##### Provided data

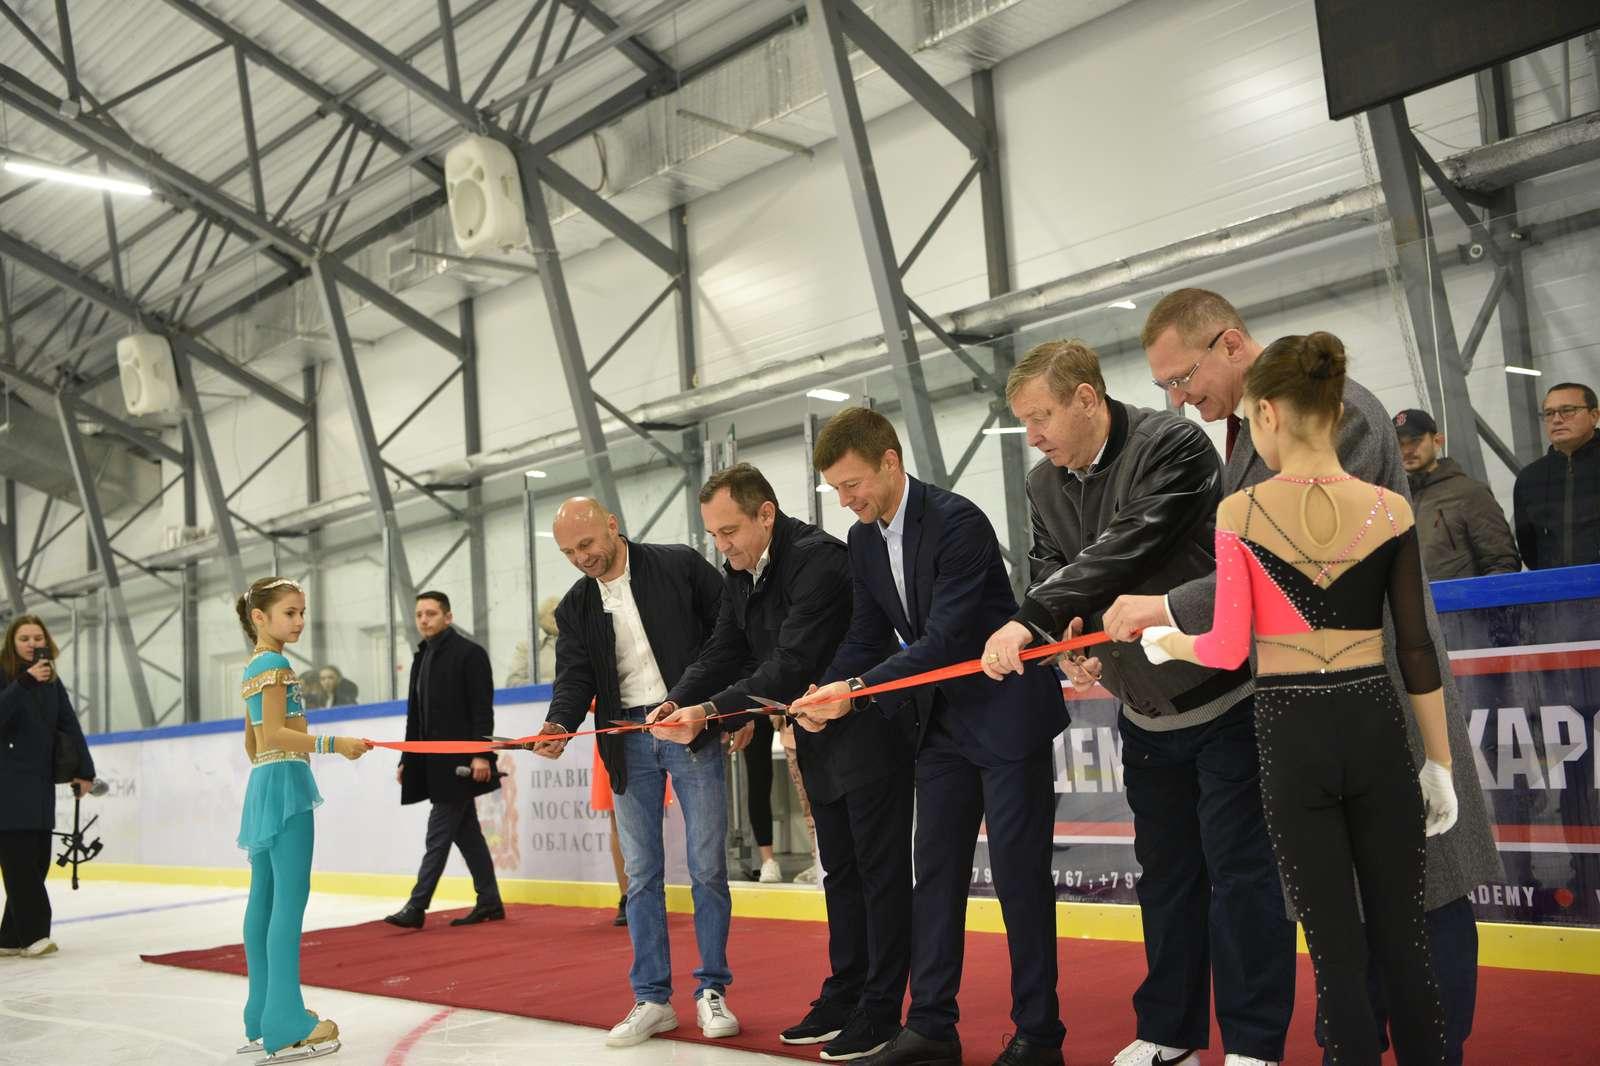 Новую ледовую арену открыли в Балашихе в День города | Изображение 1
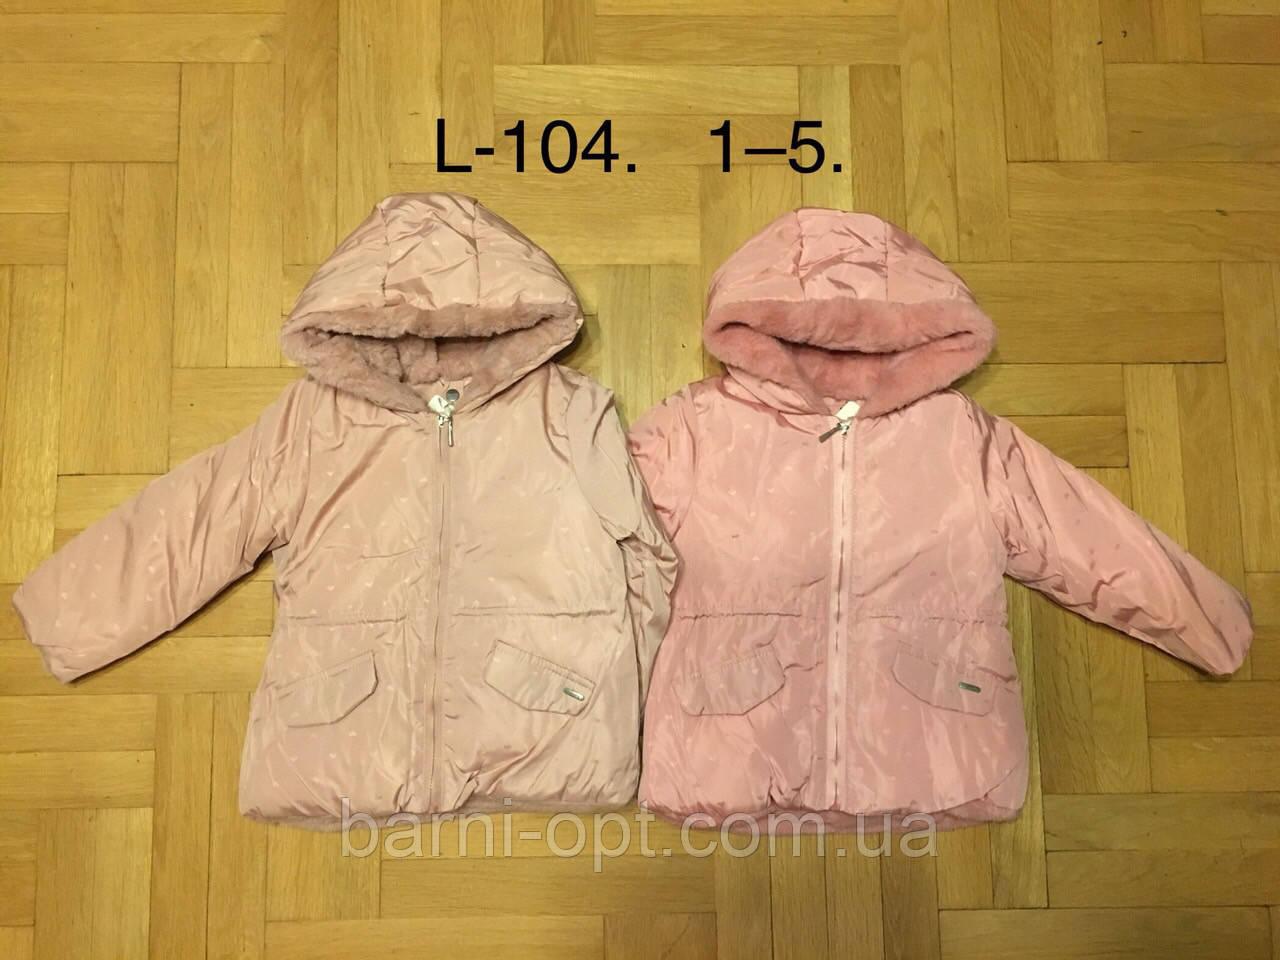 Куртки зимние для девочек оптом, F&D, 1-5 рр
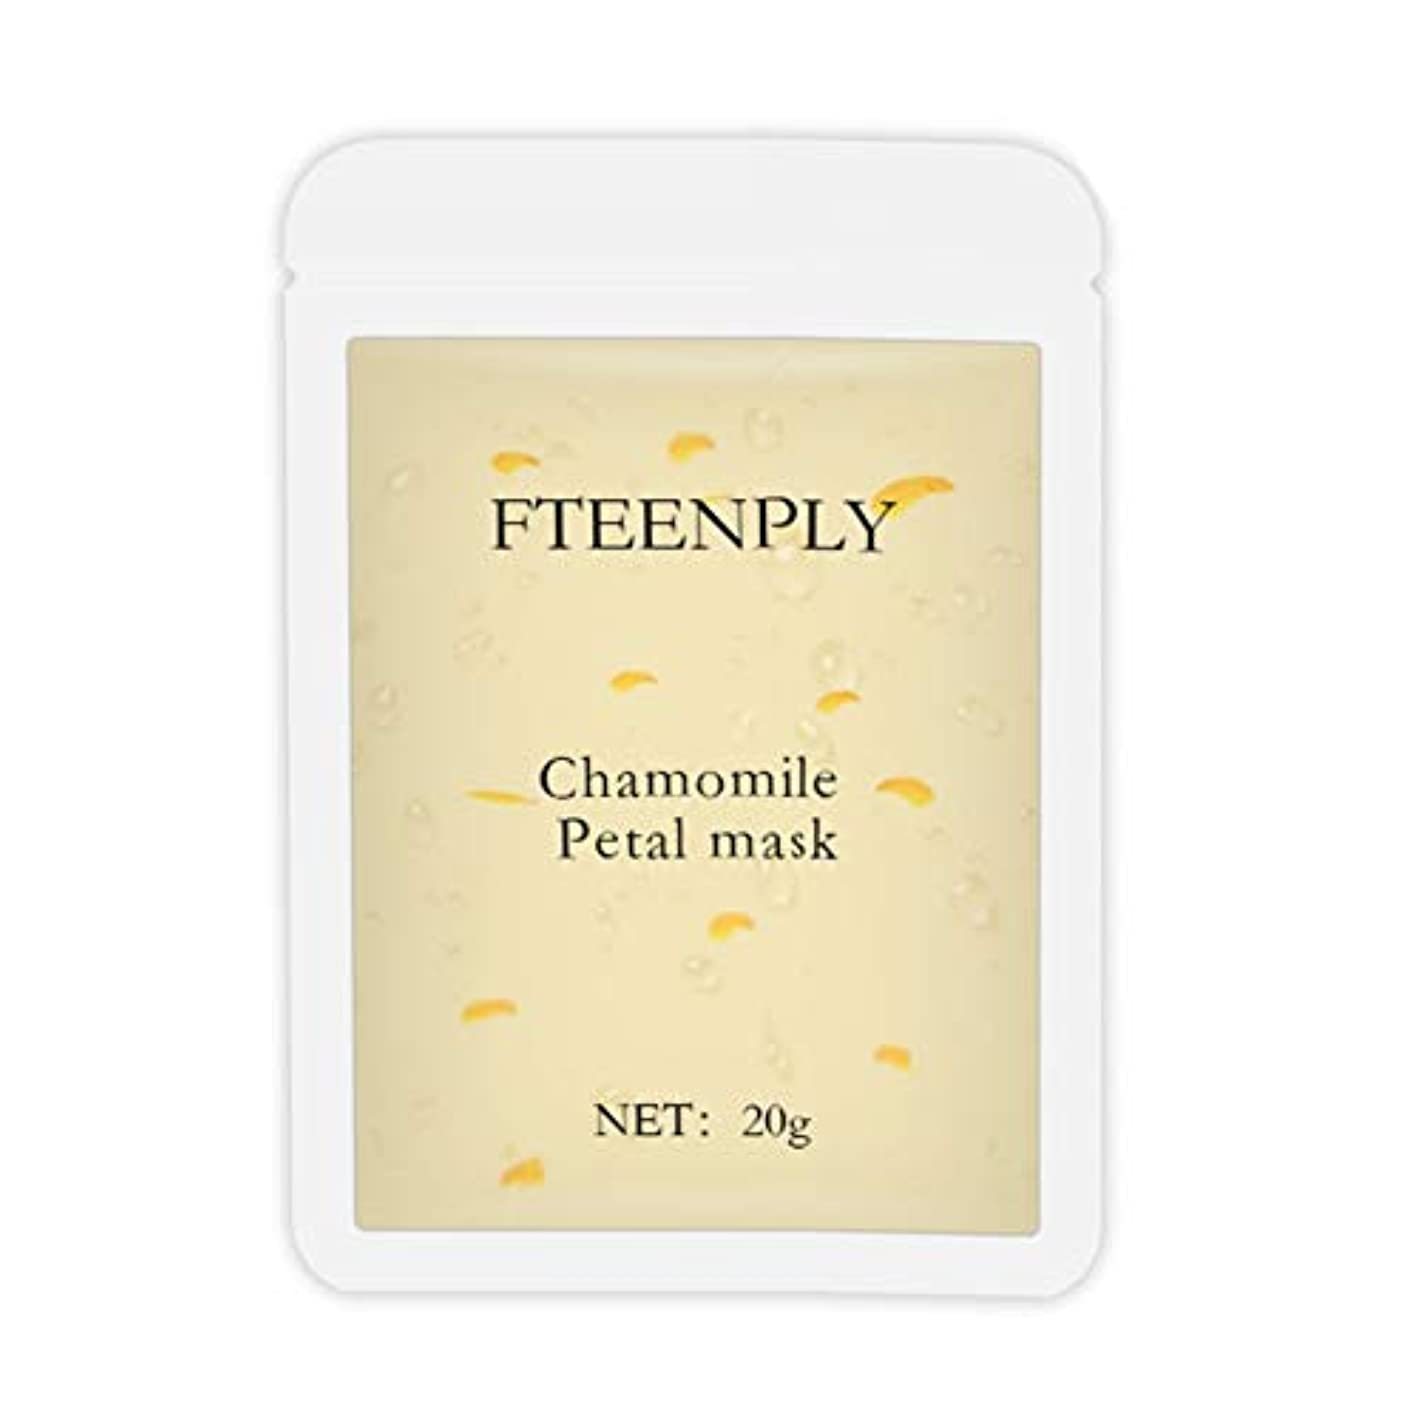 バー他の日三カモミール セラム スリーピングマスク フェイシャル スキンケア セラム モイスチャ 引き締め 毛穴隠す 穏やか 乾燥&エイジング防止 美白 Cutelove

##########

The data above, line by line: transcribe it exactly and drop the pictures.

## Solution below
 Новую ледовую арену открыли в Балашихе в День города | Изображение 1
 Куртки зимние для девочек оптом, F&D, 1-5 рр
 バー他の日三カモミール セラム スリーピングマスク フェイシャル スキンケア セラム モイスチャ 引き締め 毛穴隠す 穏やか 乾燥&エイジング防止 美白 Cutelove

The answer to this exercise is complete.